„Kiedy pojawia się cień, bardzo niewielu oświetla twoją ścieżkę”. Spójrz na wszystko, co powiedziała!
To trudne dni dla Maite Perroni, która właśnie rozpoczęła proces sądowy o zniesławienie po tym, jak została oskarżona o spowodowanie separacji małżeńskiej między Claudią Martín i Andrésem Tovarem.
Podczas gdy Claudia Martín przerwała milczenie na temat swojej sytuacji, Maite Perroni pojawiła się ponownie po wielu dniach nieobecności w swoich sieciach społecznościowych z filmem w zwolnionym tempie na Instagramie podczas sesji zdjęciowej, w której pozuje w spektakularnie długiej, różowej sukience z szerokimi rękawami i przezroczystościami.
„Kiedy świecisz i wydaje się, że wszystko jest w porządku… zawsze są tacy, którzy chcą karmić się tą jasnością; jest to wygodne. Ale kiedy nadchodzi cień, bardzo niewielu oświetla twoją ścieżkę. Dzięki tym, którzy tacy byli, są prawdziwymi światłami w moim życiu… Dzisiaj bardzo wyraźnie wiem kim oni są. DZIĘKUJĘ.”, napisała pod klipem.

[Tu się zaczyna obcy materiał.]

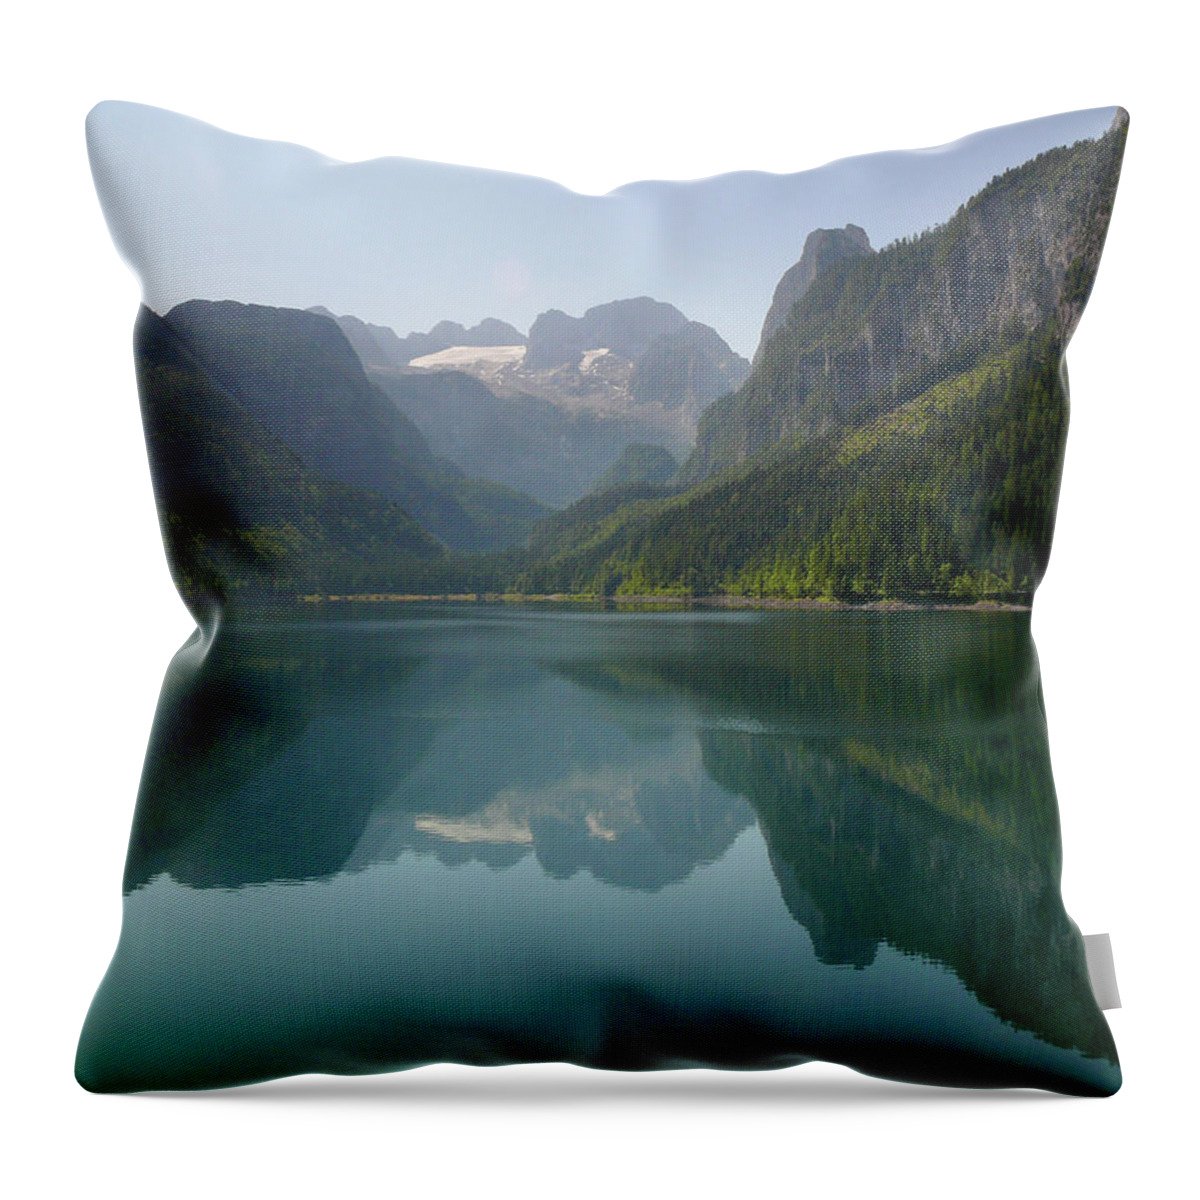 Pristine Throw Pillow featuring the photograph Pristine by Evelyn Tambour
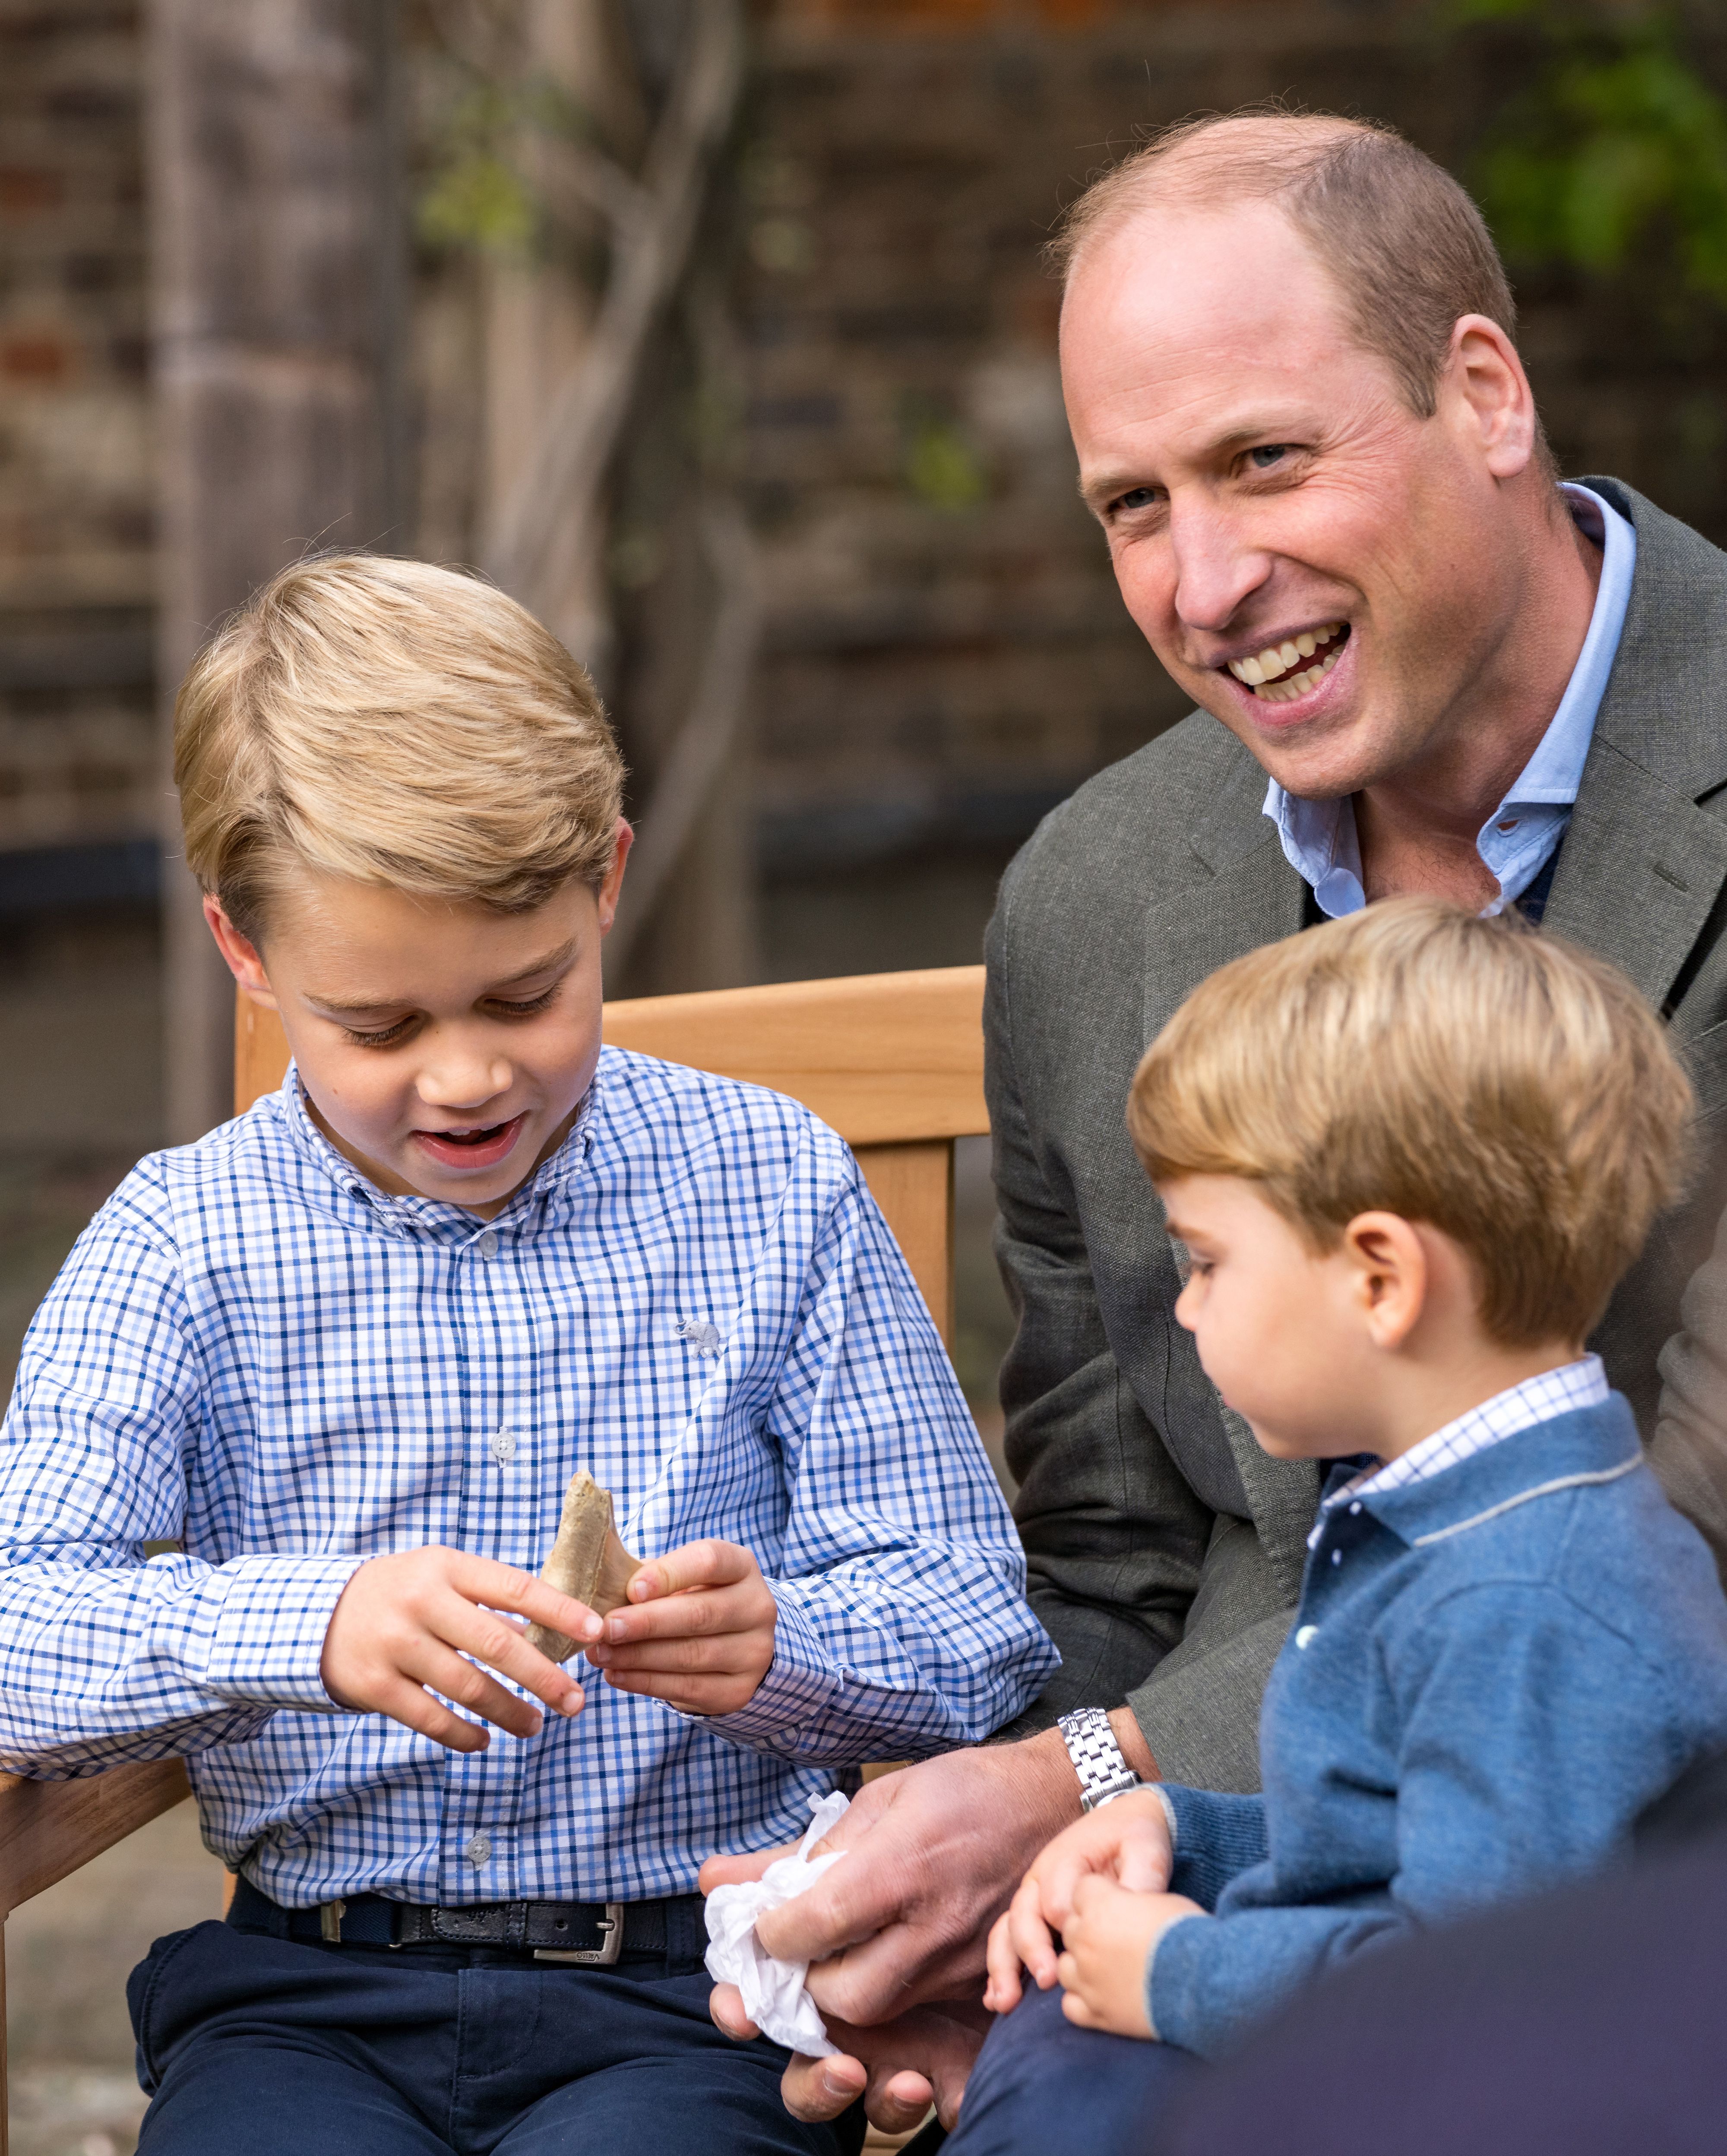 Prince George, Prince William, and Prince Louis in the gardens of Kensington Palace on September 24, 2020, in London, England | Photo: Kensington Palace/Getty Images

„Podejmowane będą działania przeciwko pani Claudii Martín, panu Cristianowi Danielowi Stambukowi i osobie odpowiedzialnej za publikację” – relacjonował Pous podczas wywiadu dla TVyNovelas. Wynika to z „różnych oświadczeń, które składali bezpośrednio o osobie Maite, argumentując ją i wskazując dosłownie jako »stronę trzecią w sporze«, jakoby spowodowała problem w małżeństwie pana Tovara ”. Podkreślił, że to, co robią tamte osoby, „zniesławia ją i wyrządza poważną oraz nieodwracalną szkodę, zarówno osobistą, jak i zawodową, jej wizerunkowi, reputacji, prestiżowi, honorowi, życiu prywatnemu i prywatności. Nie tylko ze względu na to, co powiedzieli, ale dlatego, że jest to również pełne fałszu”.